### Aim of the exercise
Would you write out each line of the material below exactly, skipping every picture?

### Supplied material
☆ ☆ ☆ ☆ ☆

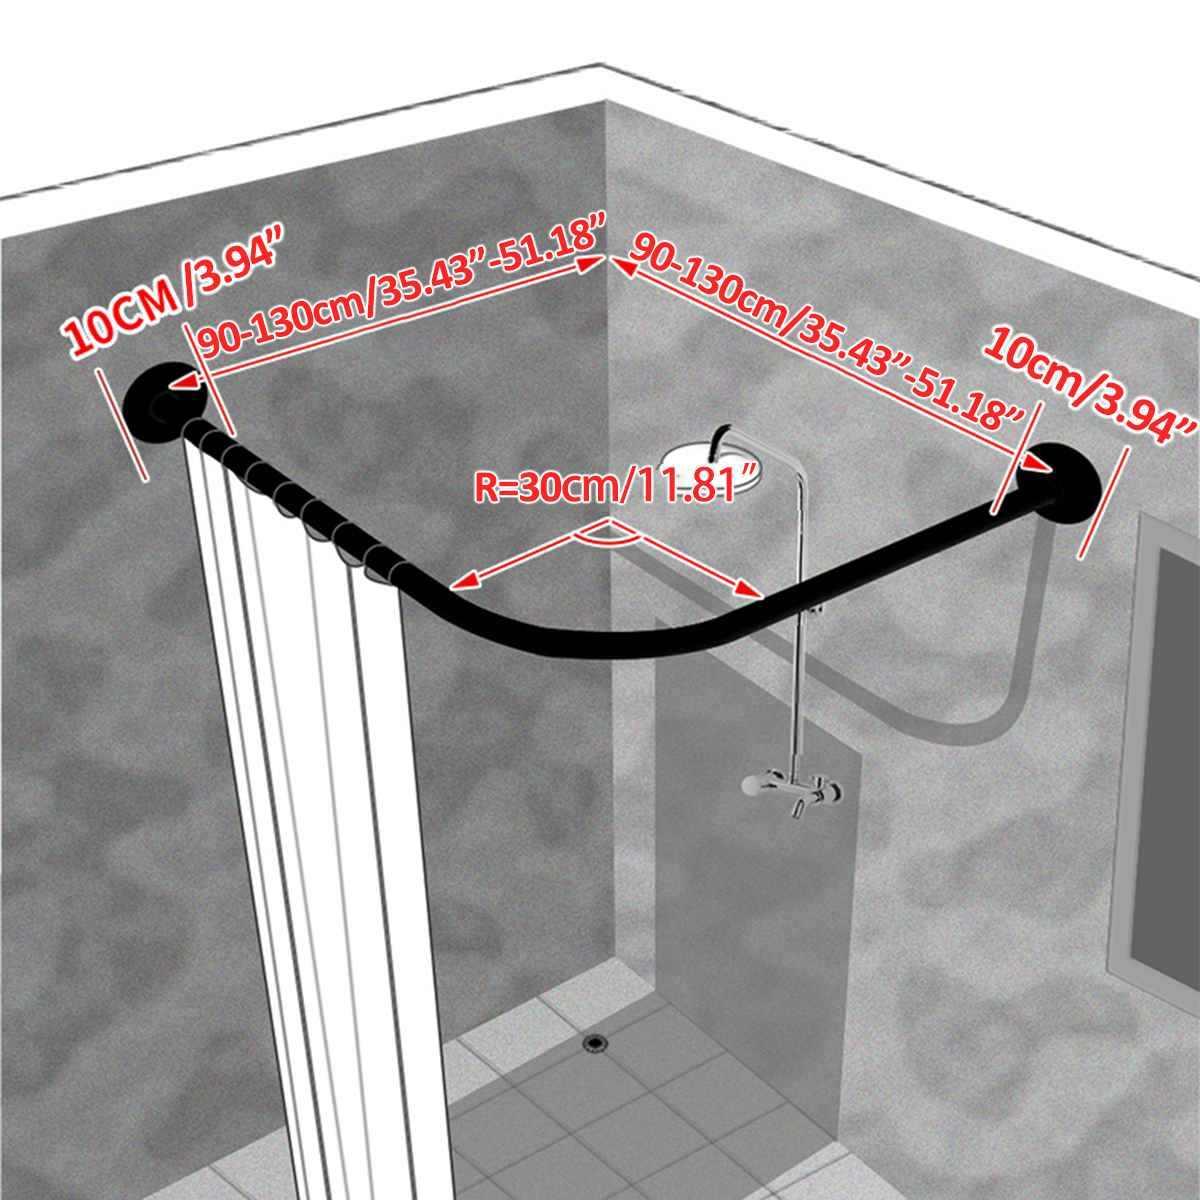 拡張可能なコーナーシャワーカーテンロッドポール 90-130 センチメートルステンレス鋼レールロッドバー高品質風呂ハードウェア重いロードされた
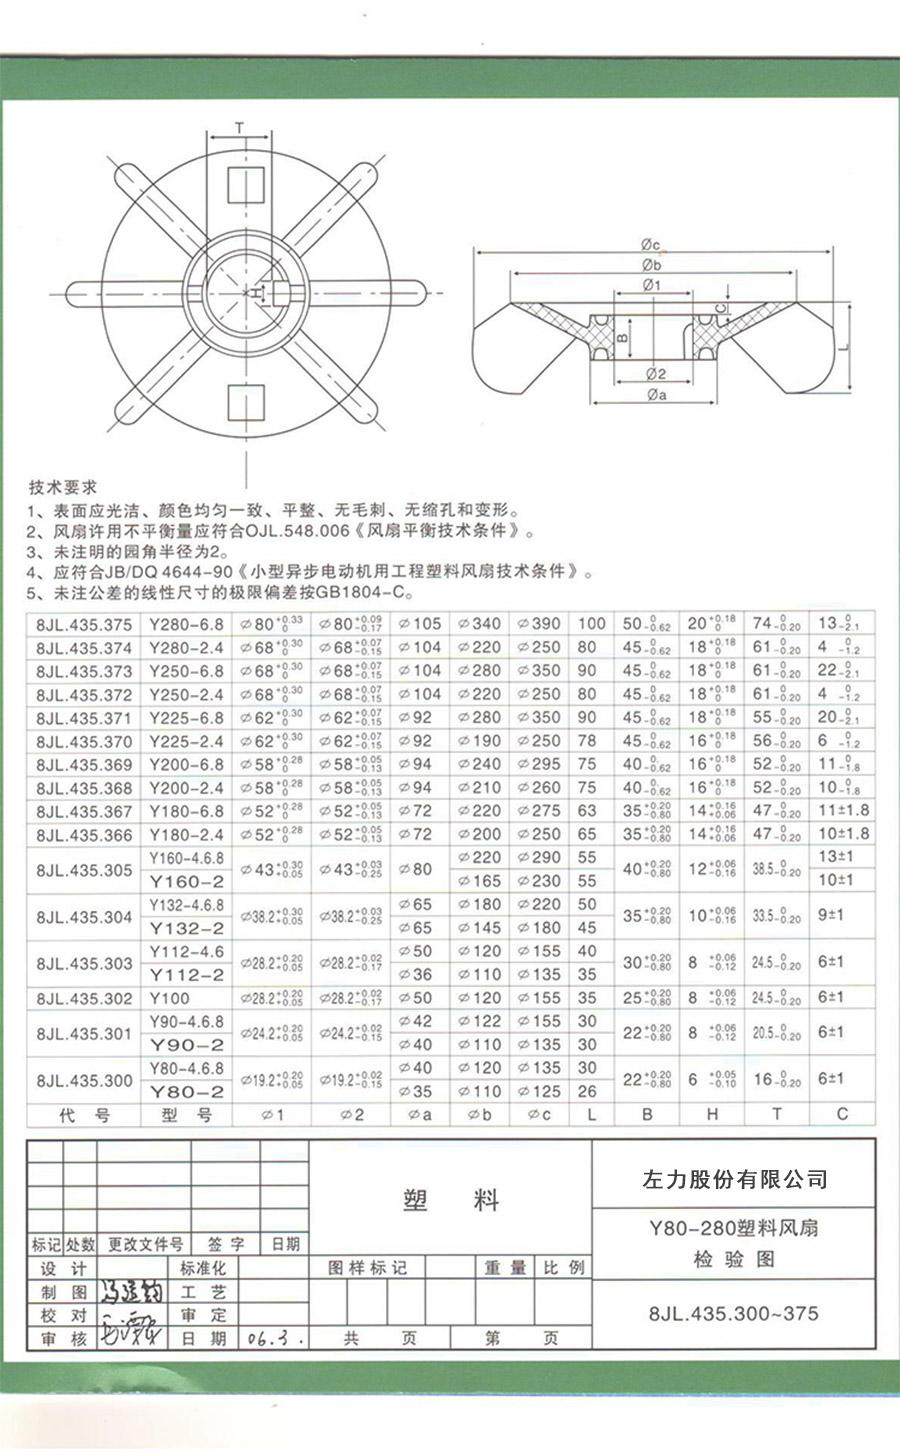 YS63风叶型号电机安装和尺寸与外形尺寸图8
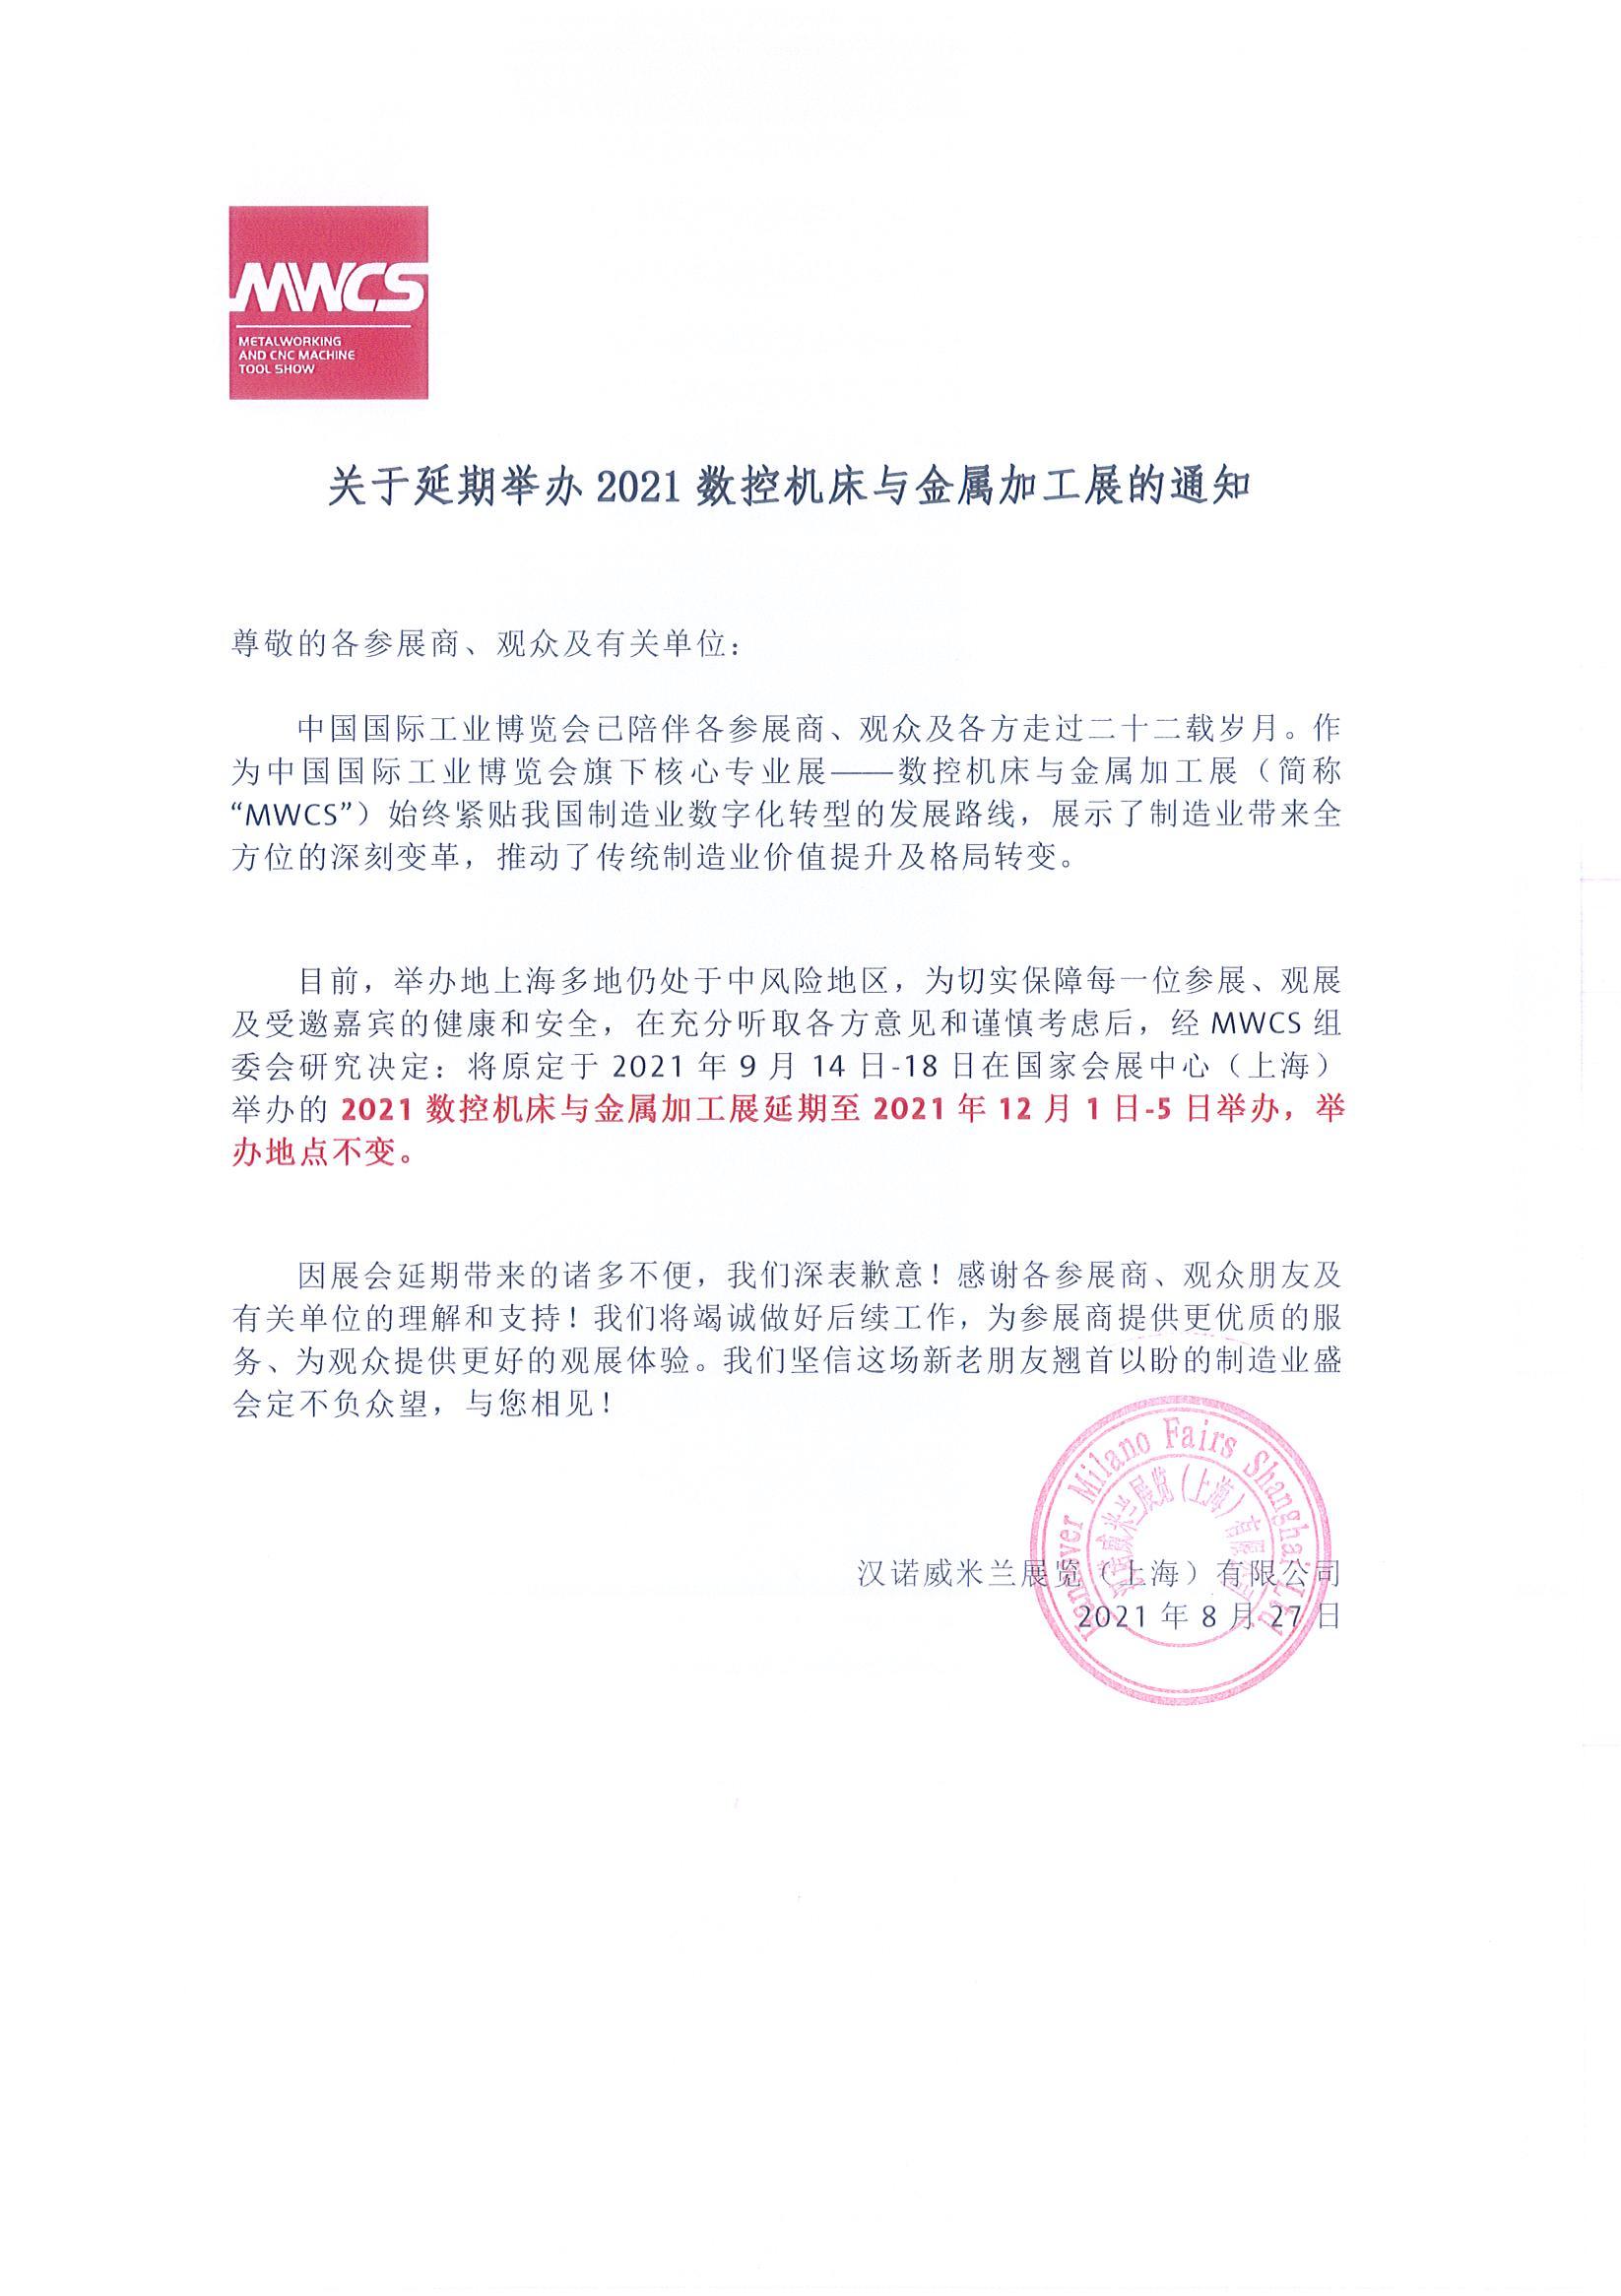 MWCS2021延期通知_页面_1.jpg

☆ ☆ ☆ ☆ ☆

### Result for this task
 拡張可能なコーナーシャワーカーテンロッドポール 90-130 センチメートルステンレス鋼レールロッドバー高品質風呂ハードウェア重いロードされた
 YS63风叶型号电机安装和尺寸与外形尺寸图8
 MWCS2021延期通知_页面_1.jpg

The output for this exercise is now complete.